DATASET CONTENT:
※

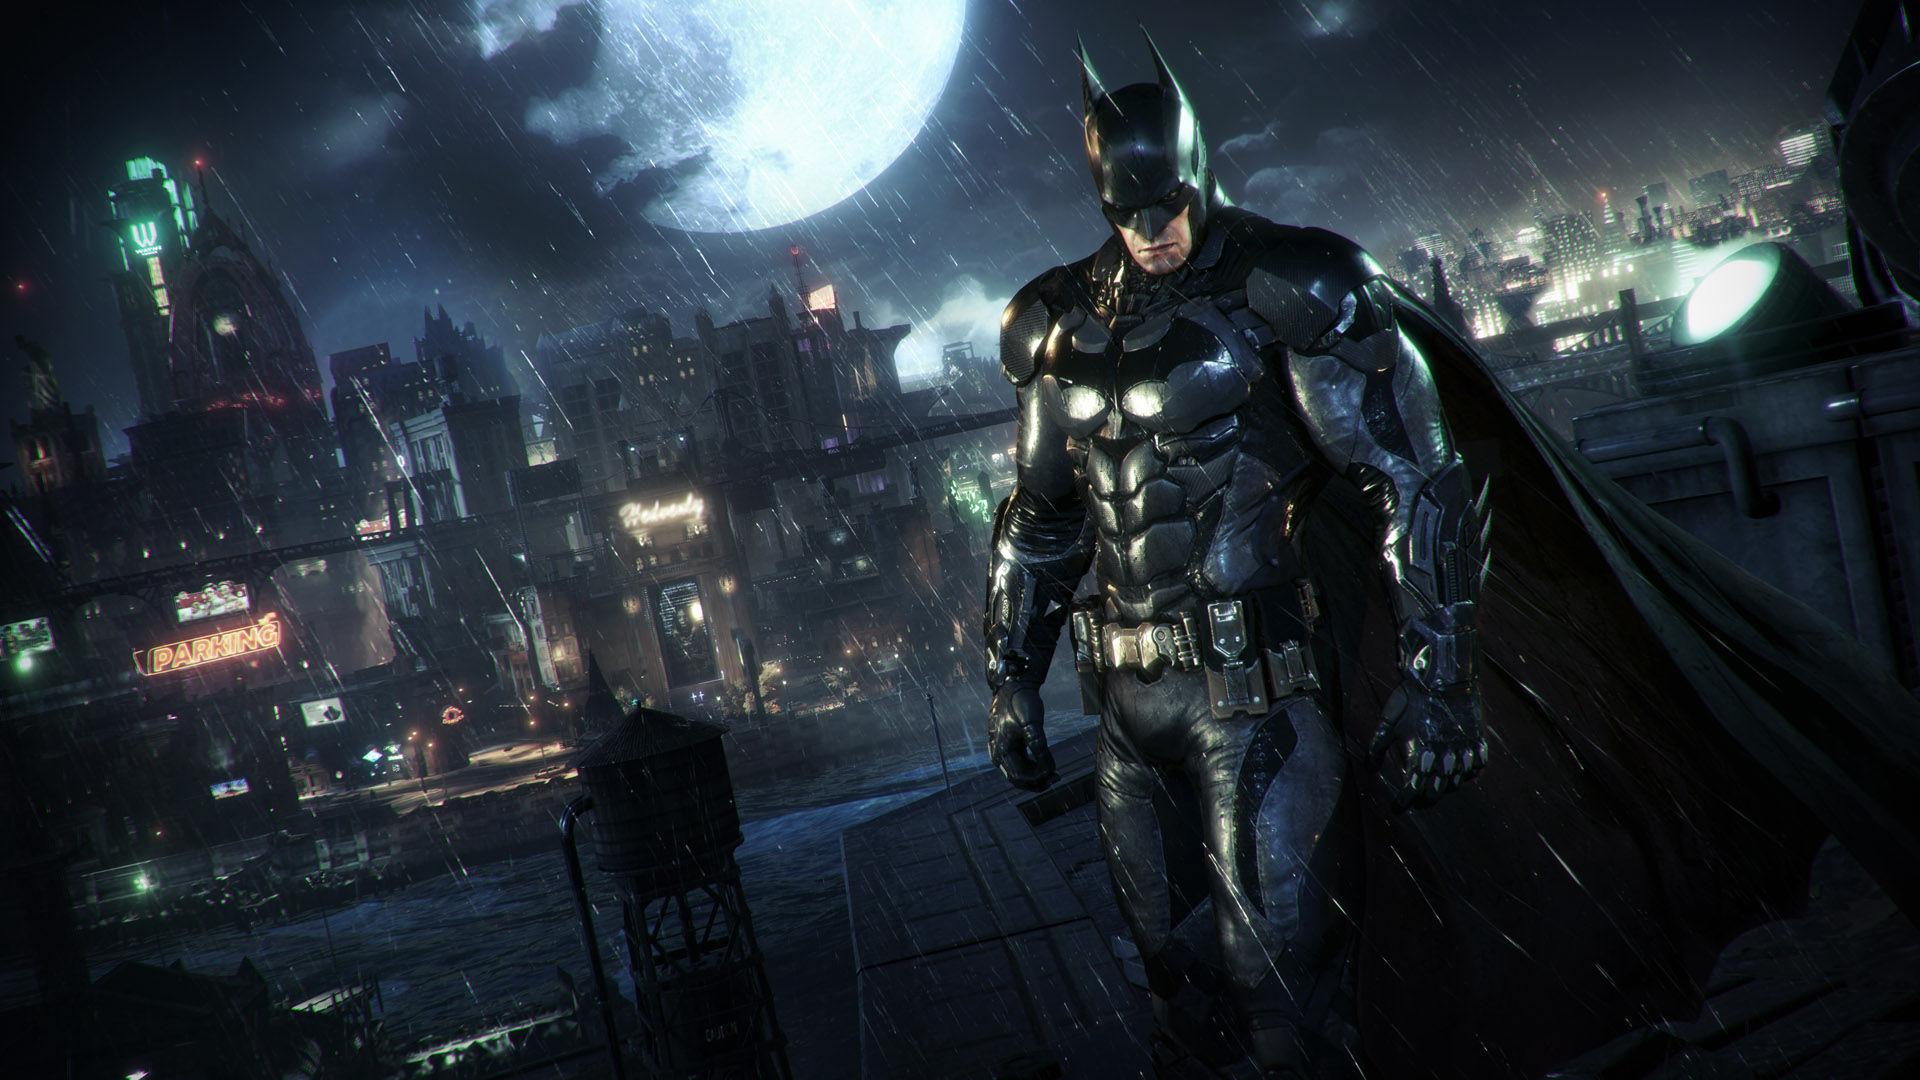 E3 2014: Batman: Arkham Knight Preview: The Batmobile Rises
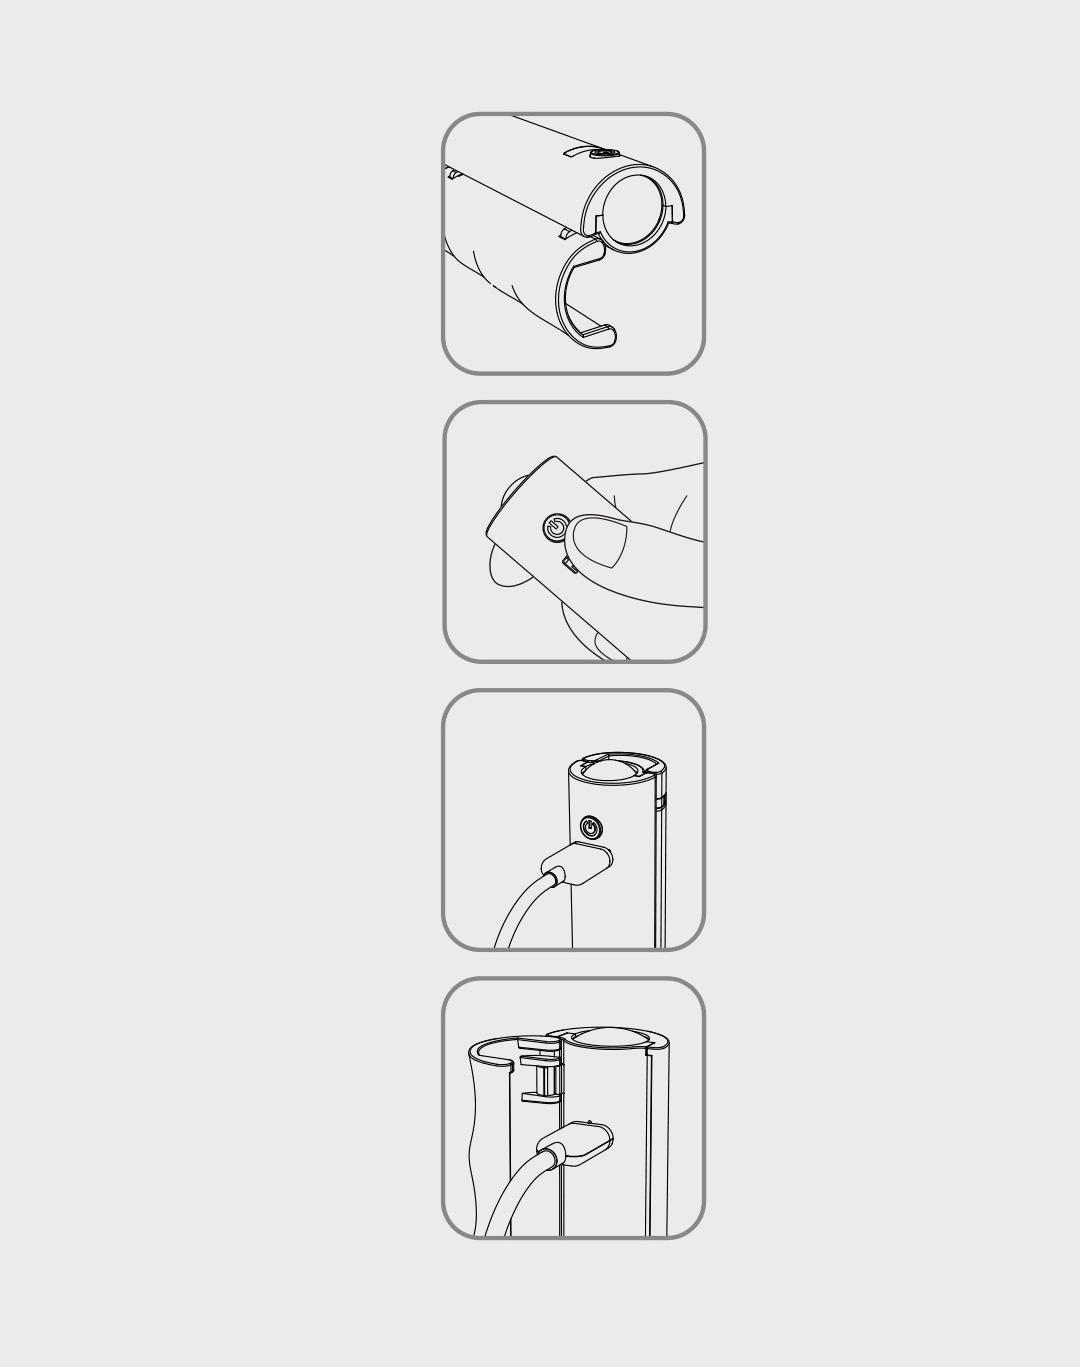 Xiaomi Youle LOVExtend 3in1 Handle Powerbank Flashlight
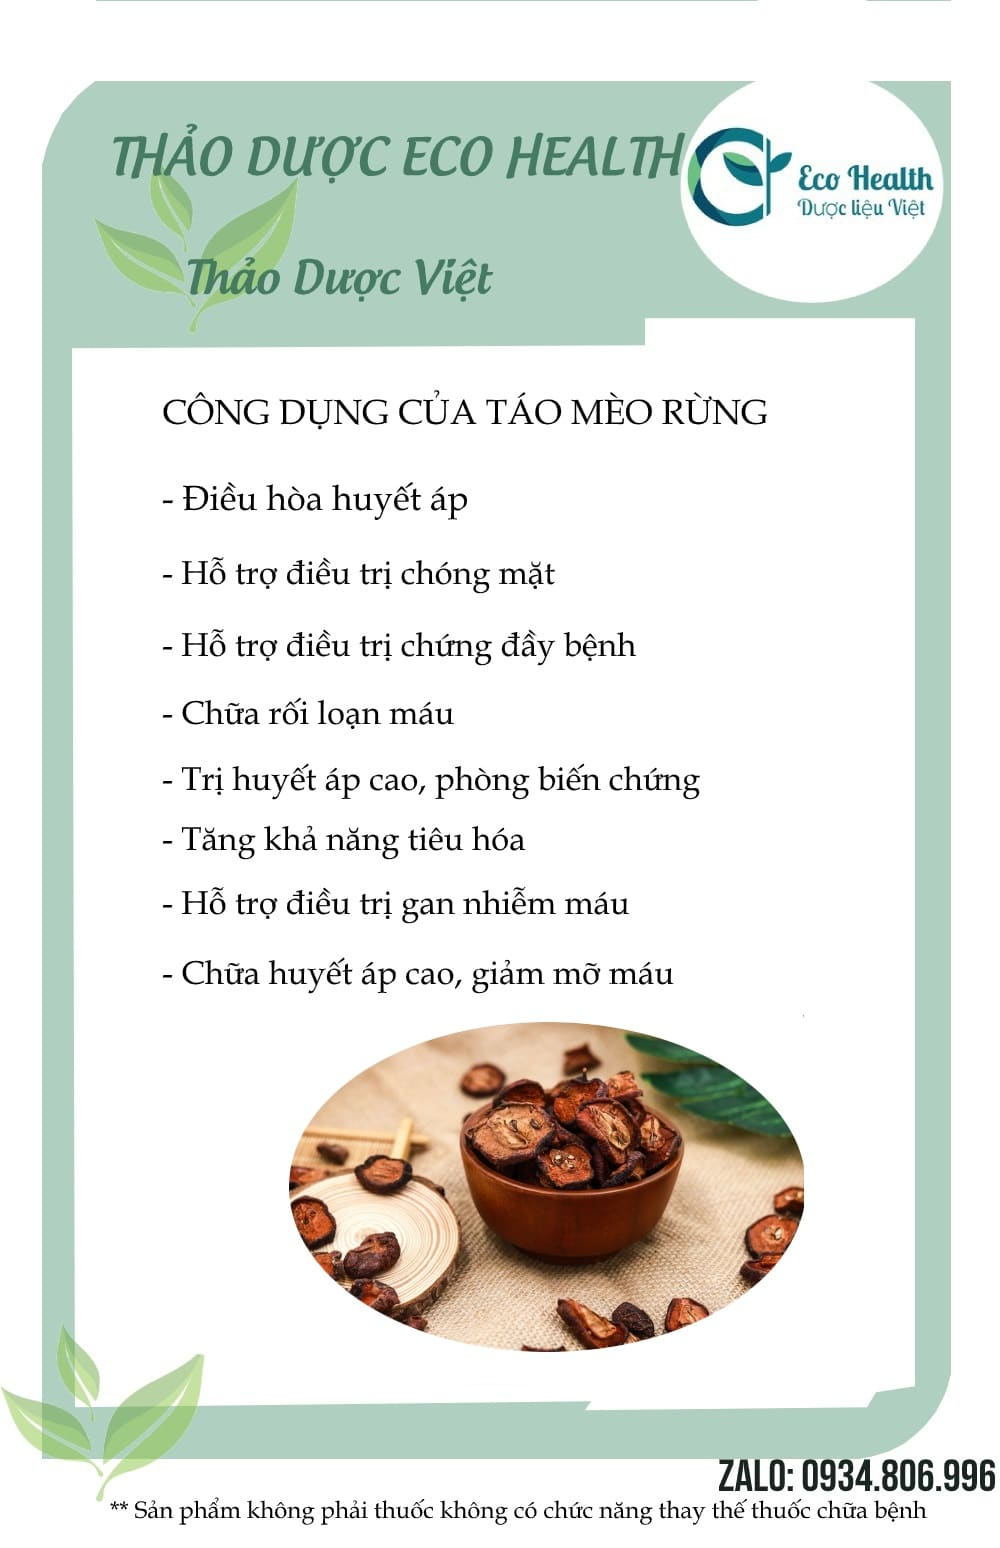 cong-dung-cua-tao-meo-rung
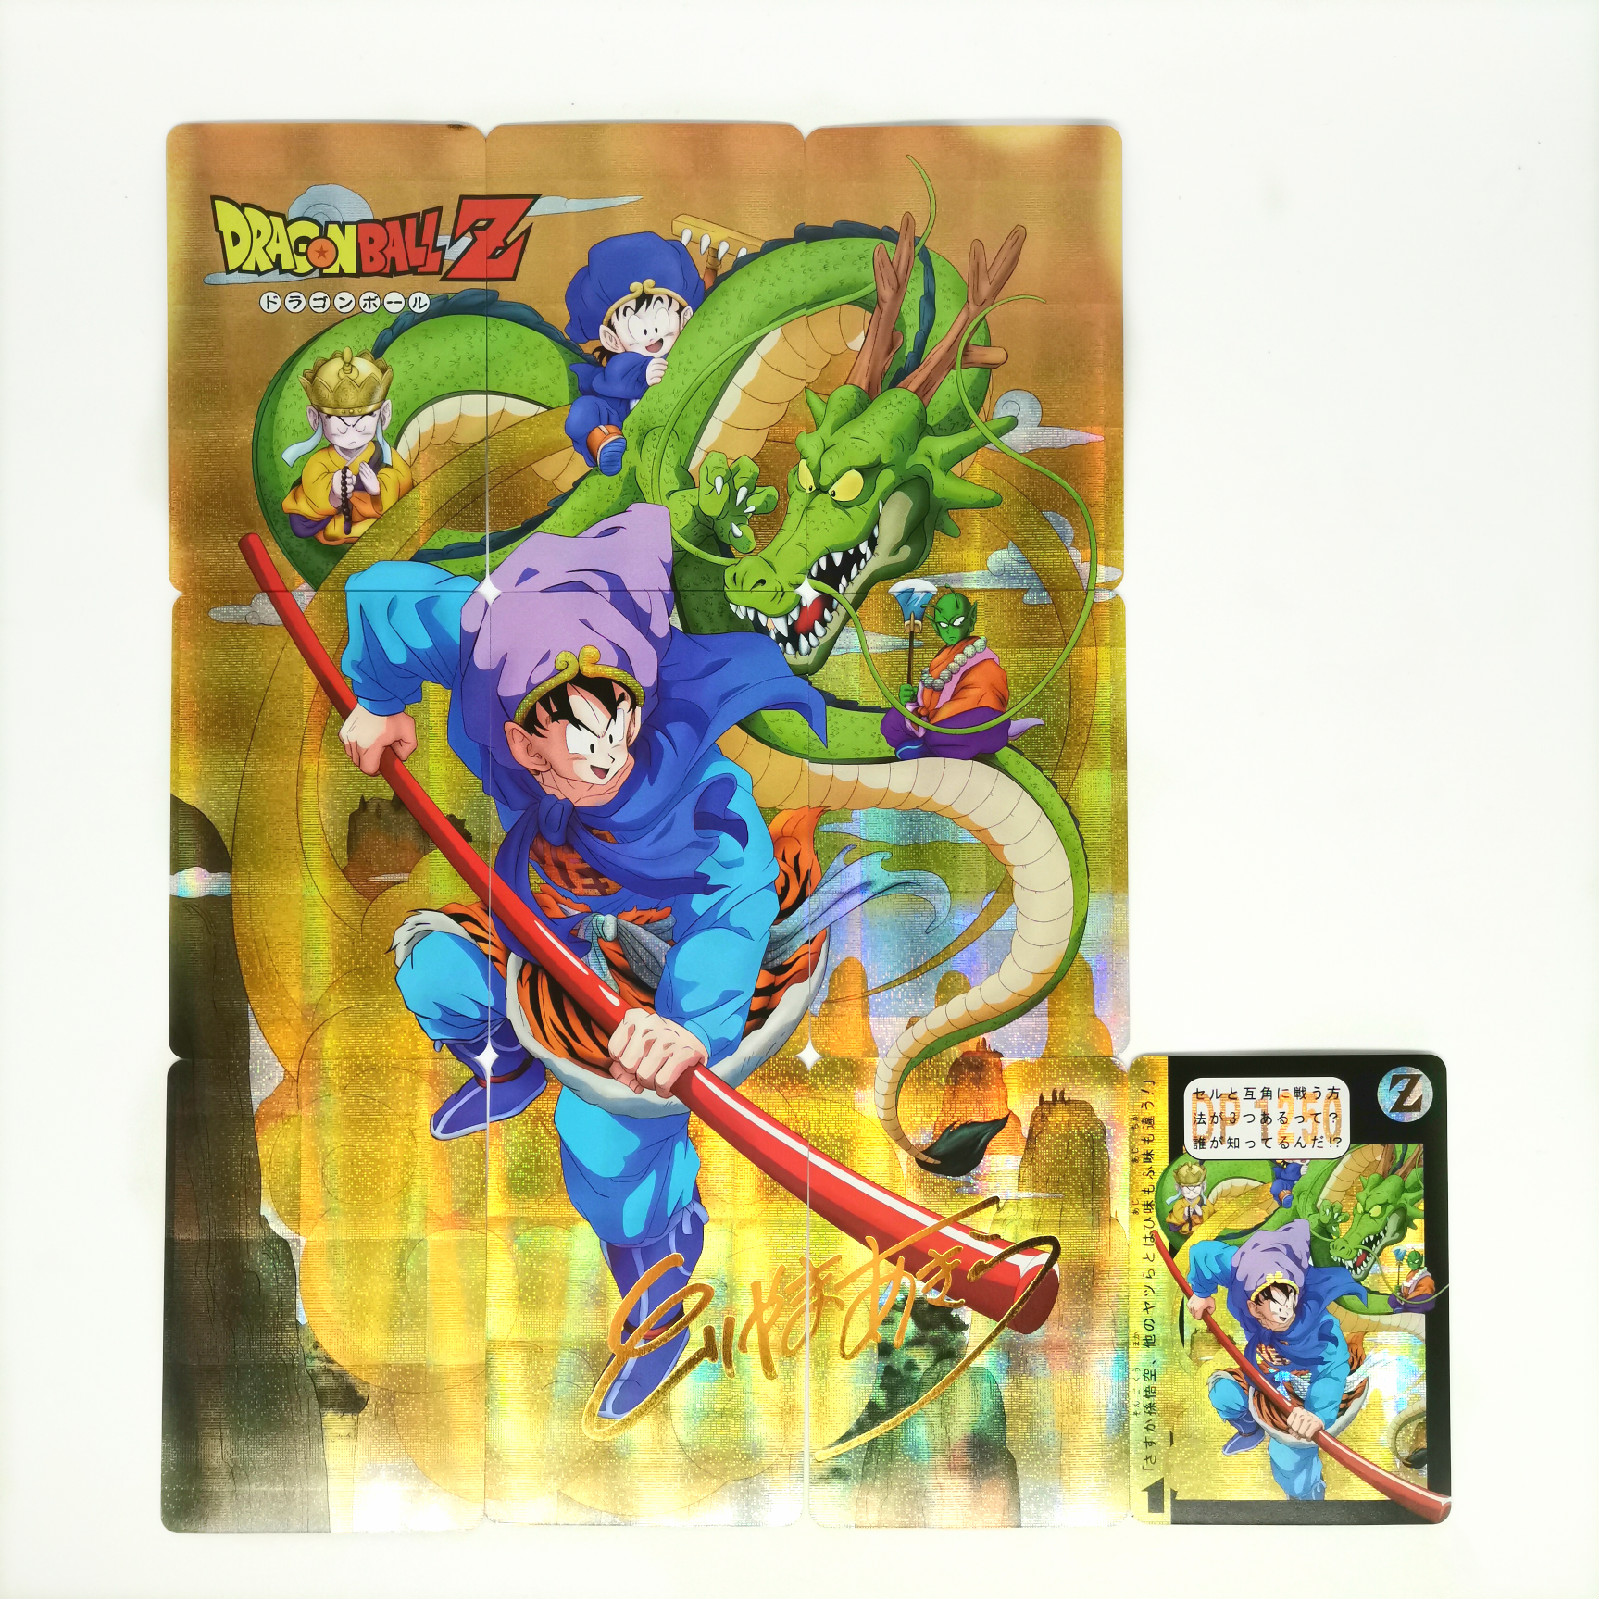 10pcs Super Dragon Ball Z Bronzing 9in1 Heroes Battle Card Ultra Instinct Son Gohan Vegeta Game Collection Cards

※

EXERCISE: Transcribe all of the material exactly and leave out its pictures.

FINISHED EXERCISE:
 E3 2014: Batman: Arkham Knight Preview: The Batmobile Rises
 Xiaomi Youle LOVExtend 3in1 Handle Powerbank Flashlight
 cong-dung-cua-tao-meo-rung
 10pcs Super Dragon Ball Z Bronzing 9in1 Heroes Battle Card Ultra Instinct Son Gohan Vegeta Game Collection Cards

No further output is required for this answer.